Abstract

The polymorphic black yeast Hortaea werneckii (Capnodiales, Ascomycota) is extremely halotolerant (growth from 0 to 30% [w/v] NaCl) and has been extensively studied as a model for halotolerance in Eukaryotes for over two decades. Its most frequent sources are hypersaline environments and adjacent sea-water habitats in temperate, subtropical and tropical climates. Although typically saprobic, H. werneckii can also act as a commensal coloniser on human skin, causing tinea nigra on hands and soles. Here, we report that addition of NaCl to culture media expands the growth range of H. werneckii to 37 °C, which explains its colonisation of human skin, with its increased salinity. The morphological and physiological plasticity/ versatility of H. werneckii indicate that a species complex might be involved. This was investigated in this polyphasic taxonomic analysis based on the global diversity of H. werneckii strains collected from hypersaline environments, and from humans and animals. Analysis of D1/D2domains of 28S and internal transcribed spacer rDNA revealed 10 and 17 genotypes, respectively, that were not always compliant. The genotypes have global distributions. Human and environmental strains with the same genotypes are intermingled. Due to the limited number of phylogenetically informative characters in the ribosomal DNA dataset, the partial genes encoding for β-tubulin (BTB) and mini-chromosome maintenance protein (MCM7) were also sequenced. The use of these genes was hampered by ambiguous sequences obtained by Sanger sequencing, as a consequence of the diploid and highly heterozygous genome of many H. werneckii strains. Analysis of the BTB and MCM7 genes showed that in some cases two copies of the gene from the same genome are positioned in distant phylogenetic clusters of the intraspecific gene tree. Analysis of whole-genome sequences of selected H. werneckii strains generally confirmed the phylogenetic distances estimated on the basis of ribosomal genes, but also showed substantial reticulation within the phylogenetic history of the strains. This is in line with the hypothesis that the diploid genomes of H. werneckii were formed by hybridizations, which have sometimes occurred between relatively divergent strains.

Highlights

  • The ascomycetous black yeast Hortaea werneckii (Capnodiales, Teratosphaeriaceae) is the most extremely halotolerant fungus known, and as such, it has become an important model organism for the study of halotolerance in Eukarya (Plemenitaš et al 2008, 2014, Gunde-Cimerman et al 2018)
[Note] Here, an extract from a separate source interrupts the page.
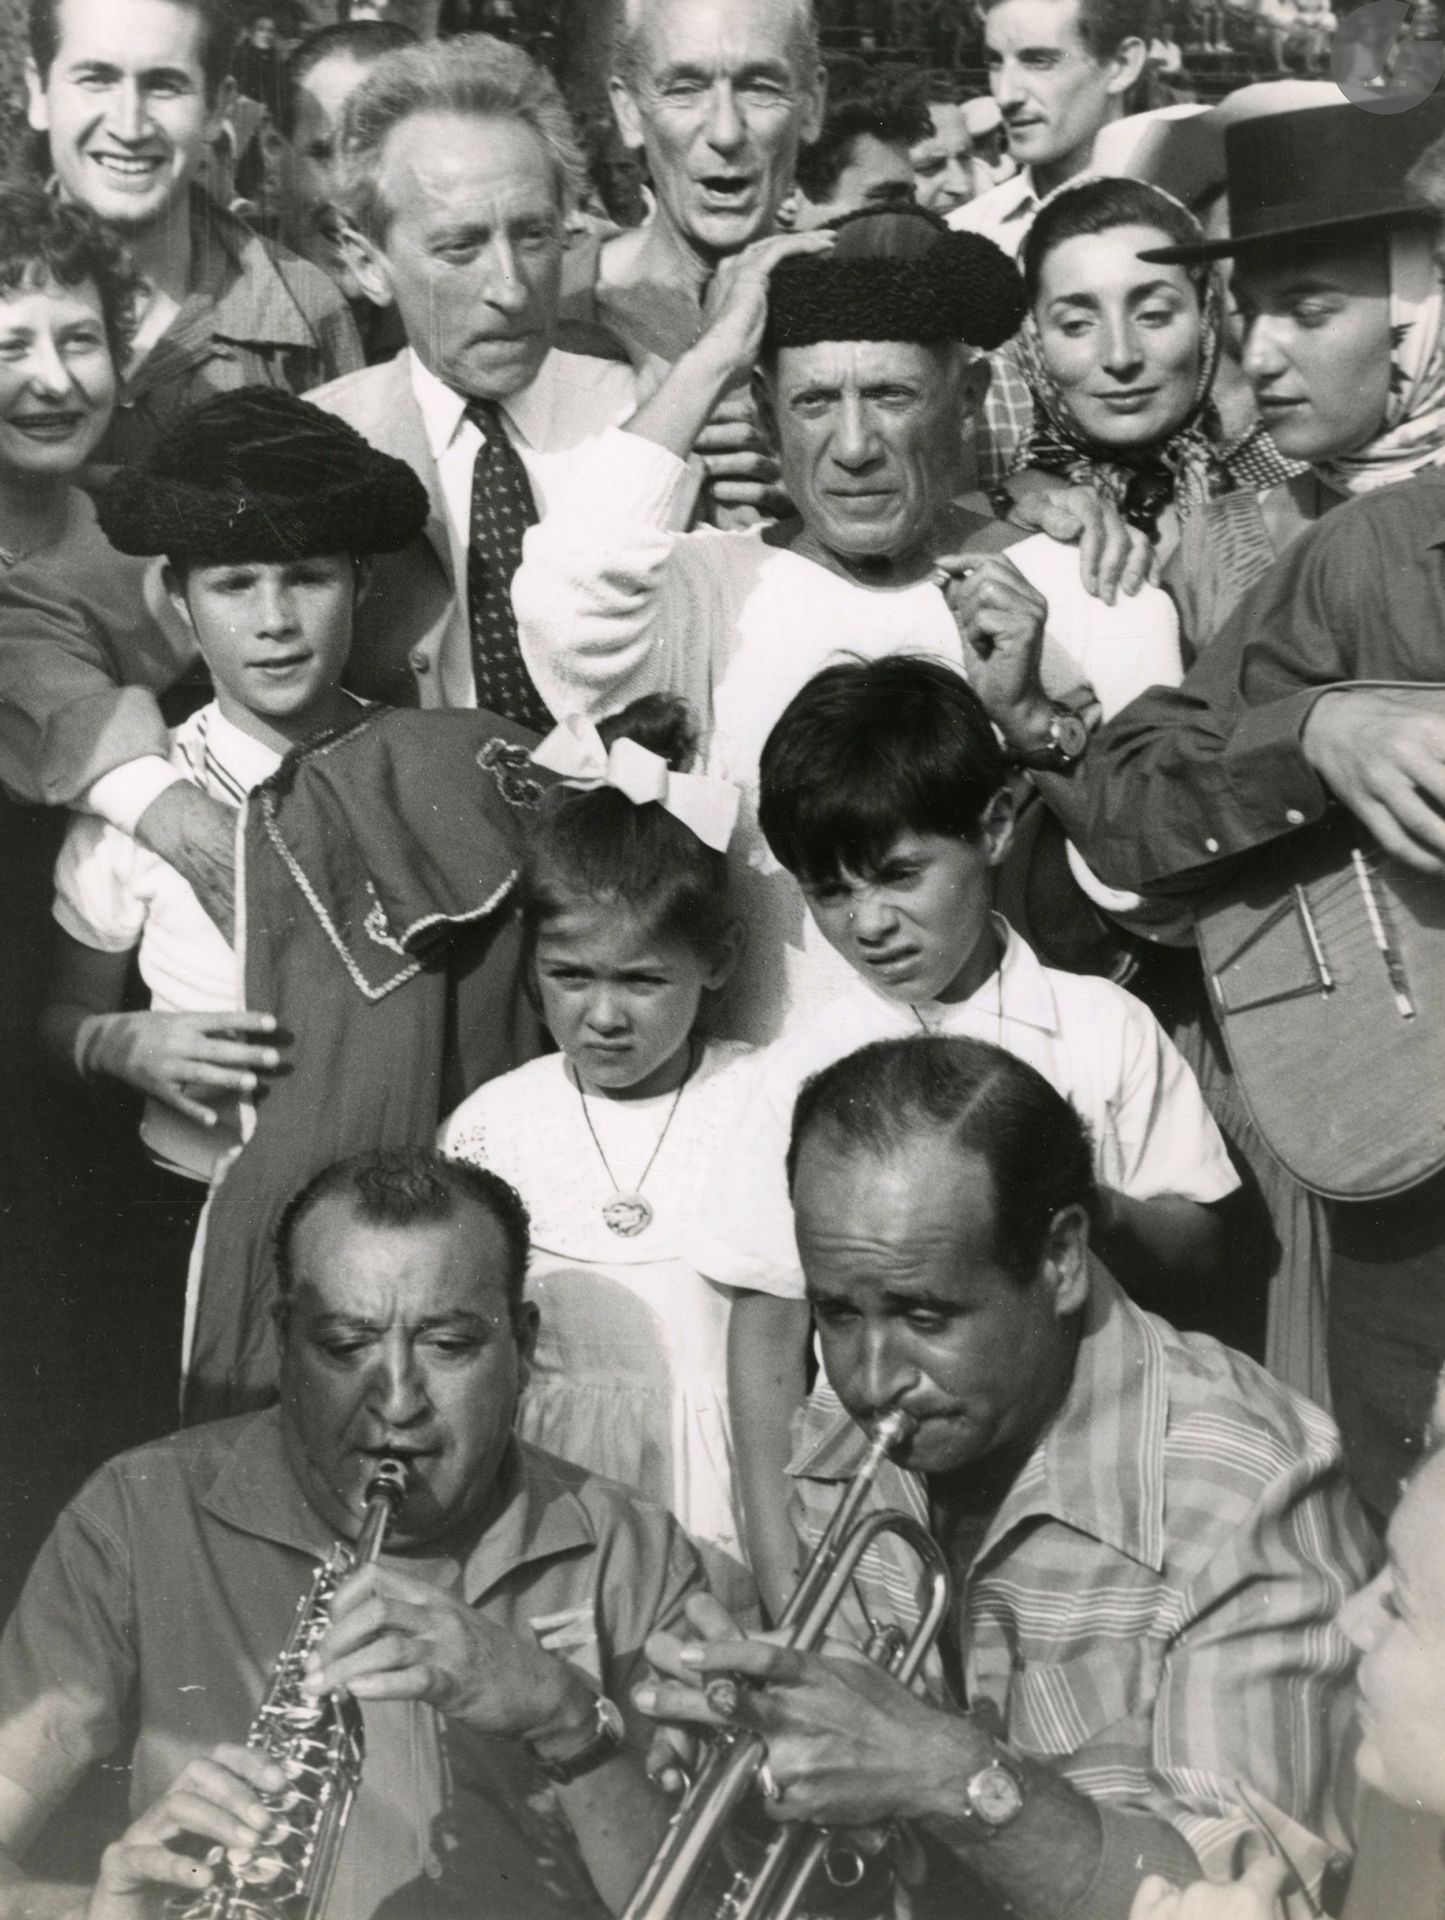 Pablo Picasso, Paloma, Jacqueline, Claude, Jacques-Henri Lartigue and Jean Cocteau at the Vallauris bullfight. The painter in his studio by Edward Quinn, c. 1955

  • In agreement with the extremotolerant nature, it was isolated from 2500 m in depth in the Mediterranean Sea (De Leo et al 2018), from sediments 5000 m below sea level in the Central Indian Basin (Singh et al 2012), and in sediments 4000 m below sea level in the East India Ocean (Zhang et al 2014)

  • The variant calling for internal transcribed spacer (ITS) and large subunit (LSU) regions for the strains with sequenced genomes showed that a single genome contained a single variant of the ITS and D1/D2 rDNA sequence (Additional file 1: Table S1)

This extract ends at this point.